一方、山本智(本領域計画研究代表者)らの東大物理グループは、富士山頂にサブミリ波望遠鏡を設置し(図4)、サブミリ波帯広域観測を創始して星間炭素原子の分布を周波数492GHzと809GHzにおいて観測することに成功した(図5,図6)。中性炭素を主とする若い進化段階の星間雲をおうし座に発見した他、中性炭素の分布は分子雲の表面に分布するのではなく、むしろ分子雲と共存関係にあることを初めて明らかにして、単純な理論的モデルの限界を指摘するなど、先進的な成果をあげた。さらに長谷川哲夫(「マゼラン星雲大研究」領域代表者、2000年に国立天文台に移動、本領域計画研究分担者)らの東大天文グループは、口径60cmのミリ波望遠鏡をチリに設置して、一酸化炭素分子の波長1.3mmスペクトル(回転量子数J=2-1)の広域観測を行い、同じ分子の基底状態のスペクトル(回転量子数J=1-0)との比較から、分子雲の温度分布を描きだして銀河内重元素分布に勾配があることを示す手がかりを得た。

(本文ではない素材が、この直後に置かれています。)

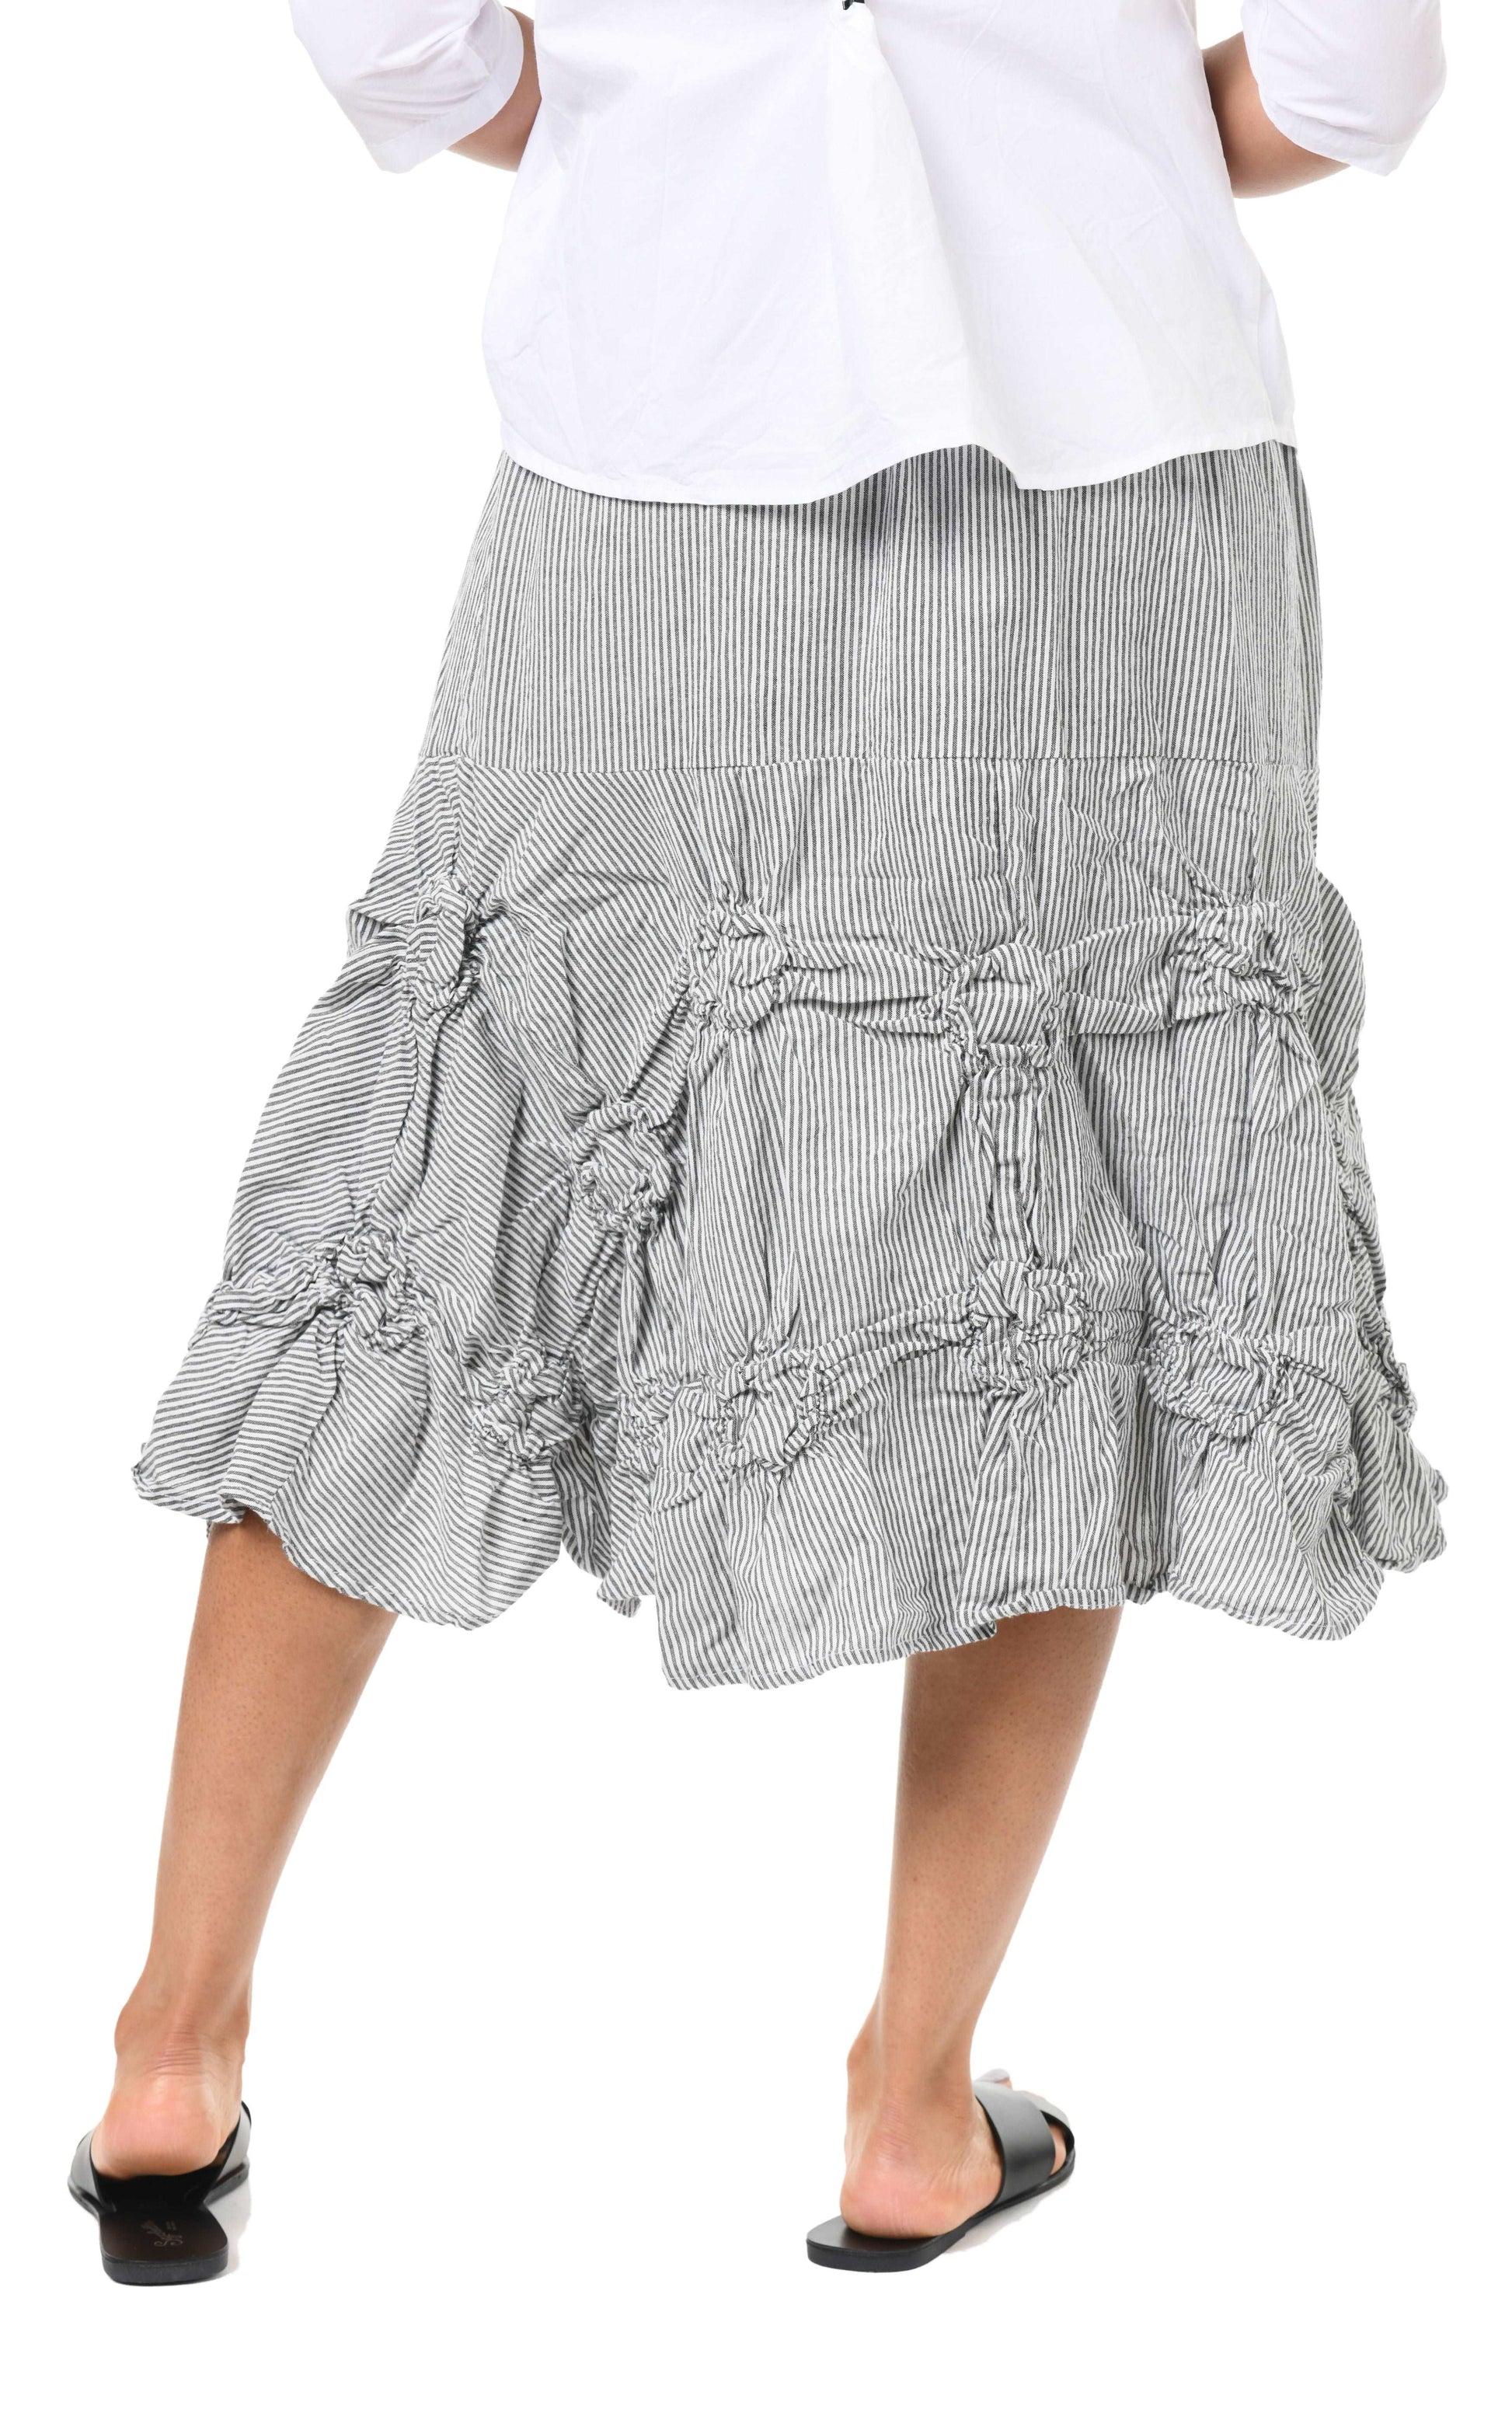 CV378 Millie Skirt in Ticking Stripe

これらの研究は、本領域の目指す南天研究への展望を大きく切り開き、サブミリ波天文学の本格的展開に向けた貴重な地歩を固めたものである。この基盤の上に立つ発展として、口径10メートルのサブミリ波望遠鏡ASTE(=Atacama Submillimeter Telescope Experiment)が2001年に完成し、国内での試験観測を終えて、2002年度中にアタカマ高地(図7)において稼働を始めようとしている(各大学・国立天文台協同)(図8)。


以上の計画を支える超伝導受信機の開発にも進歩があり、国立天文台、名古屋大学等における高感度ミリ波サブミリ波検出技術の開発が強力に進められ、100GHz帯からテラヘルツ帯にいたる波長域で世界最高水準の受信性能を達成し、本領域研究の基盤を提供している。